Arsehole husband decided to divorce me 7 years ago, so now I have a new mortgage that won't be paid off until I am 67 so I have to keep going.
We had planned an early retirement which I can't now have because of him. I have suffered ill health for some years and really needed to retire early.
Mid life crisis, he ran off with another woman who has now broken up with him and he is living in a rented bedsit. It doesn't make any sense at all.
Rented bedsit versus life with someone who loved him and an early retirement!!! He squandered all of his divorce settlement on the woman within a year.

Miley1967 · 23/06/2024 11:46

DuffRose · 22/06/2024 09:41

Hi,

Please could you link to what magnesium you use, as im not sure which to buy.

Same here my sleep has been massively improved since starting magnesium a couple of months ago. I do find I have quite vivid dreams but previously I was getting up 2/3 times a night and being awake ages afterwards, now it is up once to the toilet and straight back to sleep.
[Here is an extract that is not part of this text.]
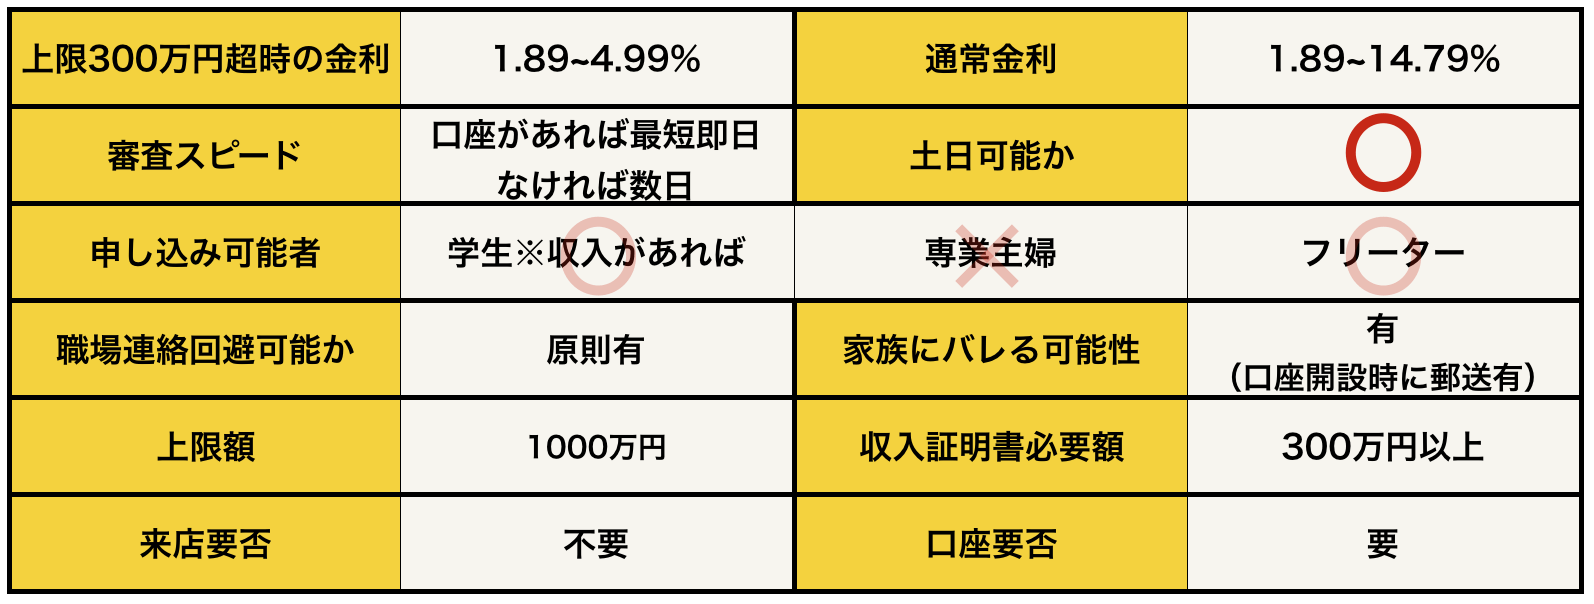 %e3%82%b9%e3%82%af%e3%83%aa%e3%83%bc%e3%83%b3%e3%82%b7%e3%83%a7%e3%83%83%e3%83%88-2016-10-24-20-44-13

KTheGrey · 24/06/2024 21:50

The combination of all those stressors would make anybody quietly despairing, I would think.

I think you are right to start with sleep - I am wretched when I don't get a good solid eight hours, and I find both falling and staying asleep hard.

I take the magnesium and put meditation recordings or sleep stories on - YouTube or Aura - and that works for me. You could kick-start the process by going to the GP for a sleeping prescription.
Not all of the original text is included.